Les caisses sociales tunisiennes ont récemment lancé une opération de crédits à taux préférentiels pour leurs adhérents, dans le but de soutenir leur pouvoir d’achat et de réduire le déficit budgétaire des caisses.
Cette initiative a suscité de vives réactions, tant positives que négatives, de la part des acteurs économiques et sociaux. Certains y voient une opportunité de relancer la consommation et de soulager les caisses sociales, tandis que d’autres craignent une concurrence avec le secteur bancaire et une pression inflationniste.
«L’impact de ces crédits demeure limité et ne constitue pas une concurrence directe pour les établissements financiers», c’est ce qu’a affirmé l’expert économique Mourad Hattab.
D’ailleurs, il met en avant la nature marginale de l’enveloppe budgétaire allouée par la Cnss et la Cnrps, représentant seulement 1% du volume total des crédits octroyés par le système bancaire, soit environ 200 millions de dinars.
«1% est insignifiant et ce n’est pas de la concurrence», souligne Hattab, déconstruisant ainsi une fausse idée de rivalité entre les caisses sociales et les institutions financières.
Et d’ajouter: «Une demande quotidienne d’environ 200 requêtes ne représente que celles reçues par seulement 3 ou 4 agences au sein d’un établissement financier», renforçant ainsi le constat que les deux systèmes ne sont pas en concurrence.
Bien que le taux proposé soit relativement avantageux, la différence avec les taux pratiqués par les banques pour les trois catégories actuellement proposées par les caisses n’est pas très significative.
Pour illustrer ce point, Hattab a réalisé une simulation. Prenons un crédit personnel de 25 000 Tnd sur une durée de 3 ans avec un taux de 8.25%. Cela se traduirait par des intérêts d’environ 3 200 dinars. Cependant, la comparaison avec un prêt bancaire à un taux de 12.5% (TMM+4.5) révèle que les intérêts atteindraient environ 5 000 dinars, soit une différence de montant de 1 800 Tnd qui ne semble pas avoir un impact significatif.
Plus de bruit que de besogne
Autre point saillant évoqué par l’expert économique est «l’inefficacité du crédit de mobilité dès le départ». En effet, il explique que le fonctionnaire moyen tunisien n’est souvent pas éligible en raison de restrictions budgétaires.
Plus précisément: les charges de remboursement liées à l’ensemble des prêts accordés à un assuré social ne doivent pas dépasser 40% du salaire déclaré.
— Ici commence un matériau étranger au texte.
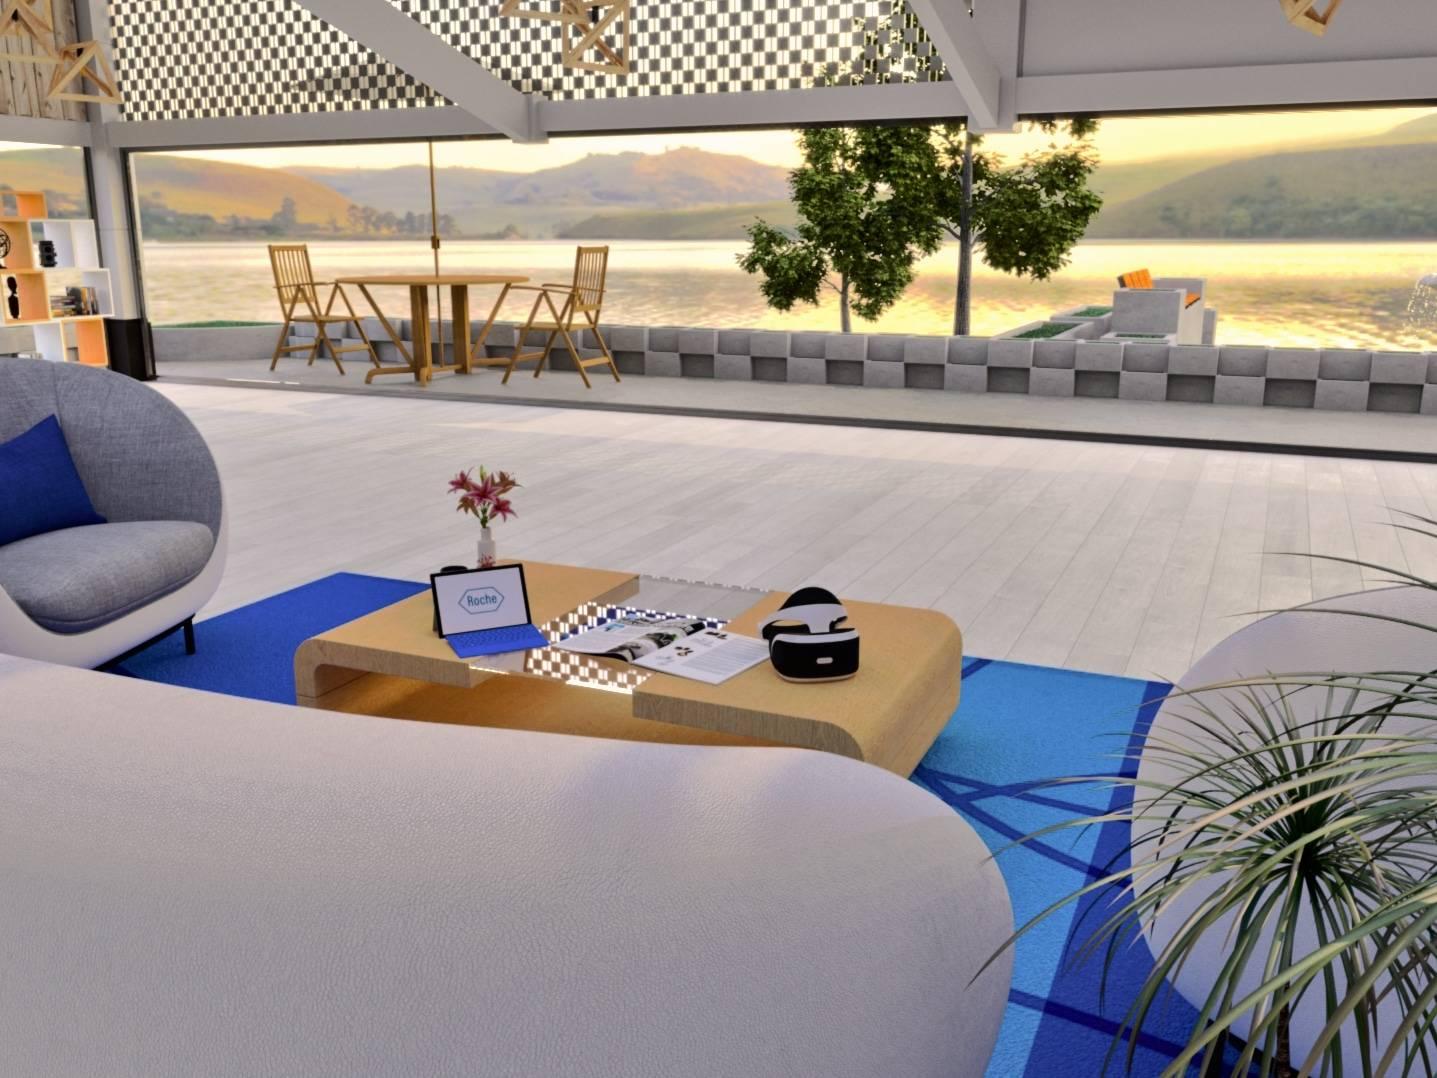 Player vidéo 360 Hub VR

Selon Hattab, avec un salaire moyen d’environ 1800 Tnd brut, un prêt de 50 000 Tnd sur 5 ans impliquerait un remboursement mensuel de 1062 Tnd. Cependant, la capacité maximale de remboursement pour ces fonctionnaires est plafonnée à 700 dinars, rendant ainsi cette option financière peu réaliste et difficilement accessible. Cette restriction semble s’étendre également au crédit de logement, qui est de 100 mille dinars.
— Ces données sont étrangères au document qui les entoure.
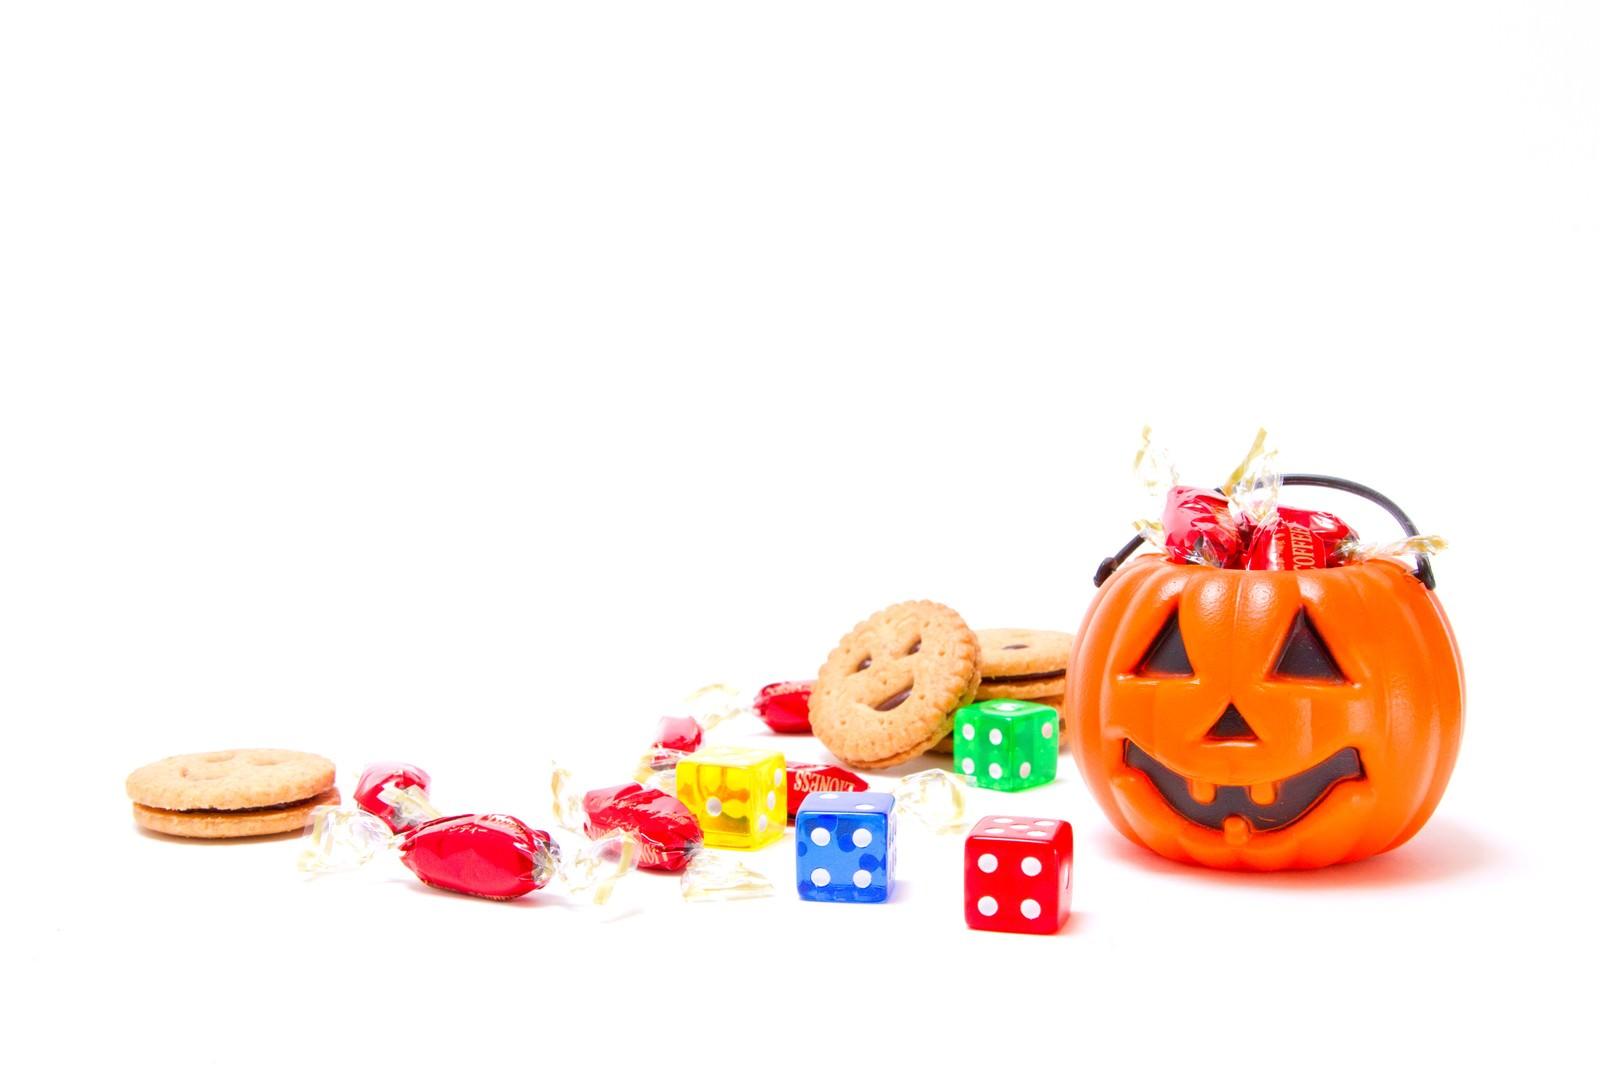 「散らばるお菓子とハロウィンのかぼちゃ」の写真

Soulignons enfin que la situation financière fragile des caisses sociales soulève des inquiétudes quant à la pertinence d’accorder des crédits. Avec un déficit de 2.8 milliards de dinars en 2022 et des fonds propres négatifs de 3.377 milliards de dinars, Hattab relativise la pertinence de cette initiative, mettant en lumière la nécessité d’une évaluation approfondie de la stabilité financière avant de poursuivre de telles actions.